Evaluation of soil moisture in CMIP5 simulations over contiguous United States using in situ and satellite observations

Hydrology and Earth System Sciences | Yuan and Quiring [2016]

Abstract

This study provides a comprehensive evaluation of soil moisture simulations in the Coupled Model Intercomparison Project Phase 5 (CMIP5) extended historical experiment (2003 to 2012). Soil moisture from in situ and satellite sources are used to evaluate CMIP5 simulations in the contiguous United States (CONUS). Both near-surface (0–10 cm) and soil column (0–100 cm) simulations from more than 14 CMIP5 models are evaluated during the warm season (April–September). Multi-model ensemble means and the performance of individual models are assessed at a monthly time scale.
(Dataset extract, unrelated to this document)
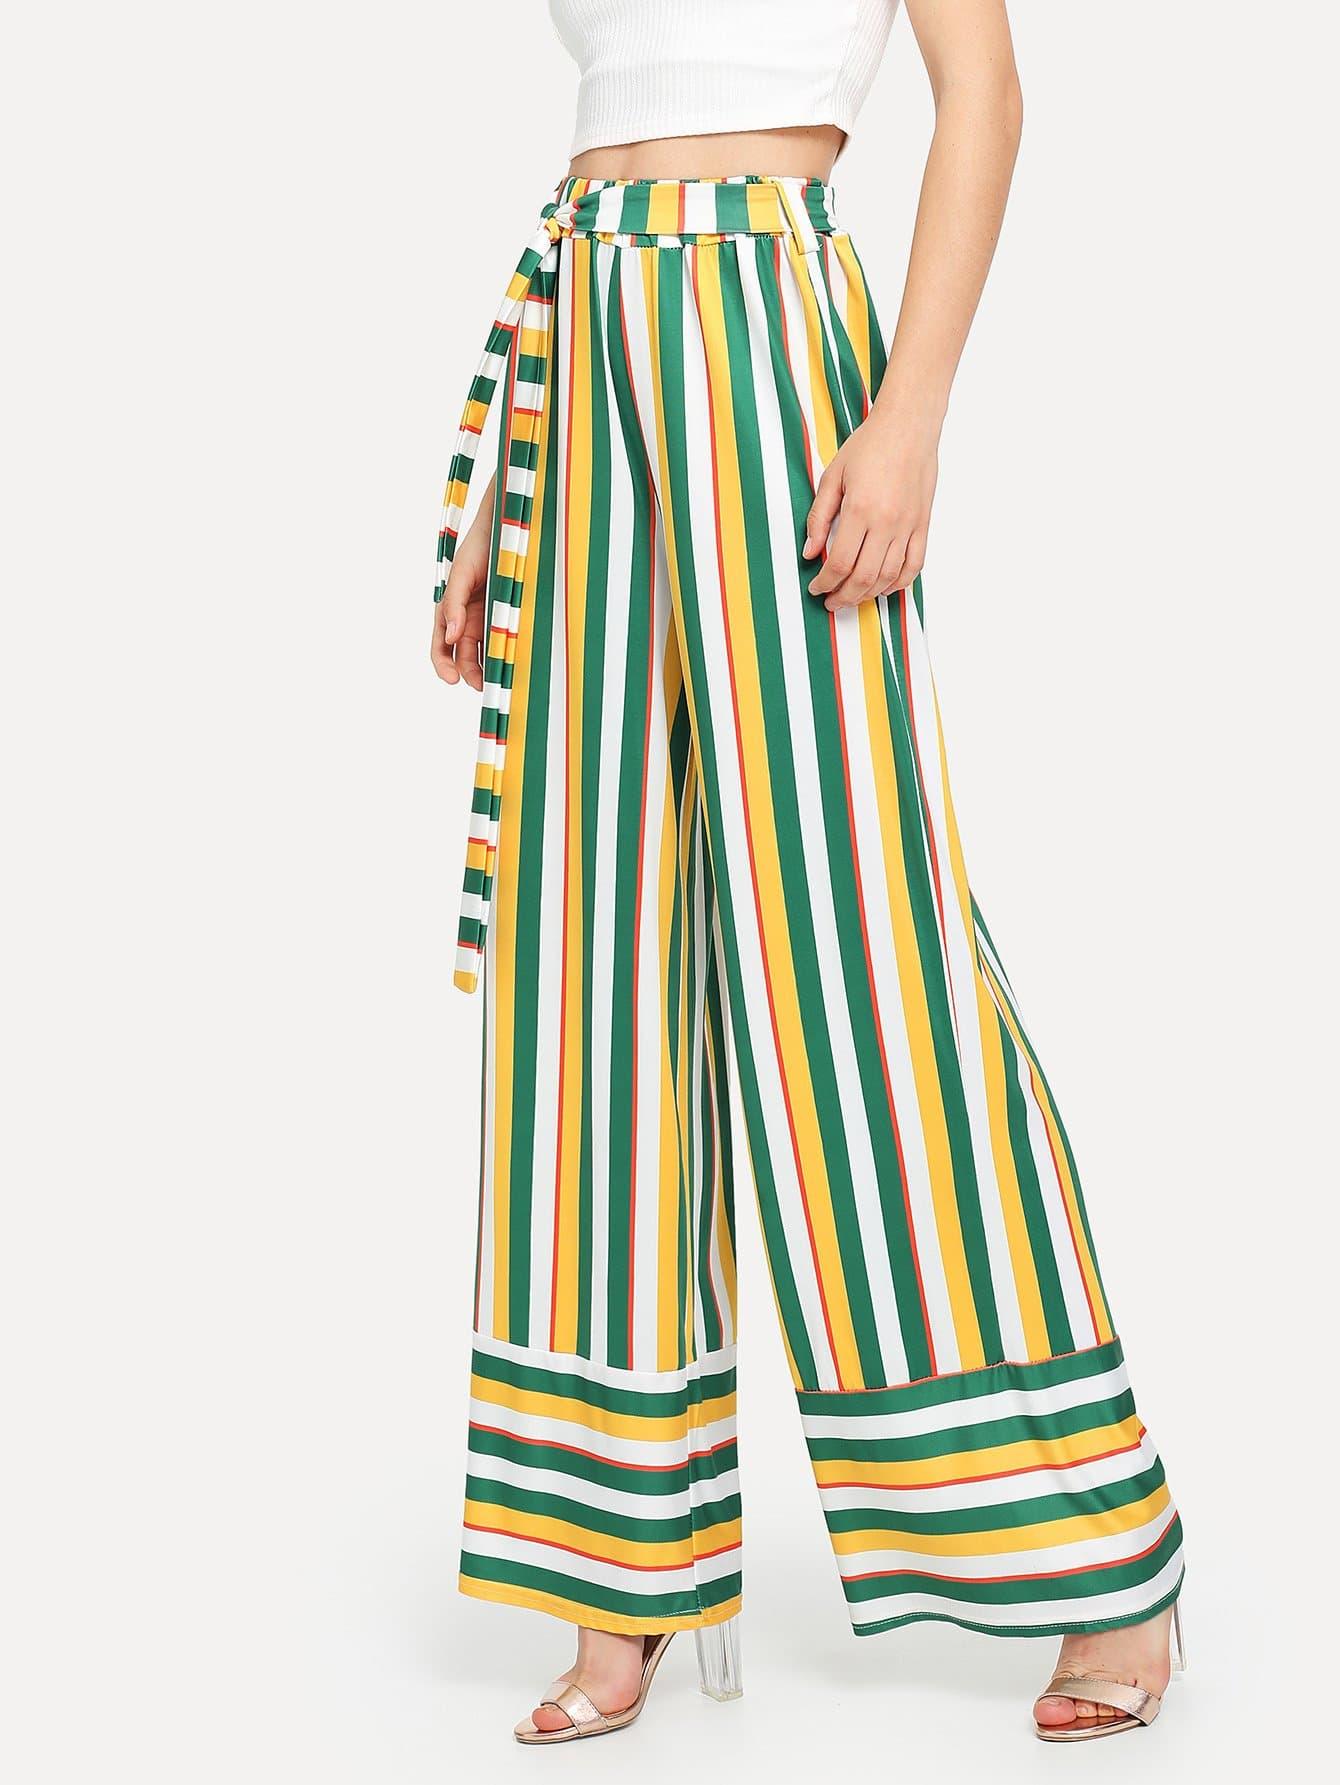 Self Tie Waist Striped Wide Leg Pants striped self tie waist dress

Our results indicate that CMIP5 models can reproduce the seasonal variability in soil moisture over CONUS. However, the models tend to overestimate the magnitude of both near-surface and soil-column soil moisture in the western U.S. and underestimate it in the eastern U.S. There are large variations in model performance, especially in the near-surface. There are significant regional and inter-model variations in performance. Results of a regional analysis show that in deeper soil layer, the CMIP5 soil moisture simulations tend to be most skillful in the southern U.S. Based on both the satellite-derived and in situ soil moisture, CESM1, CCSM4 and GFDL-ESM2M perform best in the 0–10 cm soil layer and CESM1, CCSM4, GFDL-ESM2M and HadGEM2-ES perform best in the 0–100 cm soil layer.

Full text can be found here.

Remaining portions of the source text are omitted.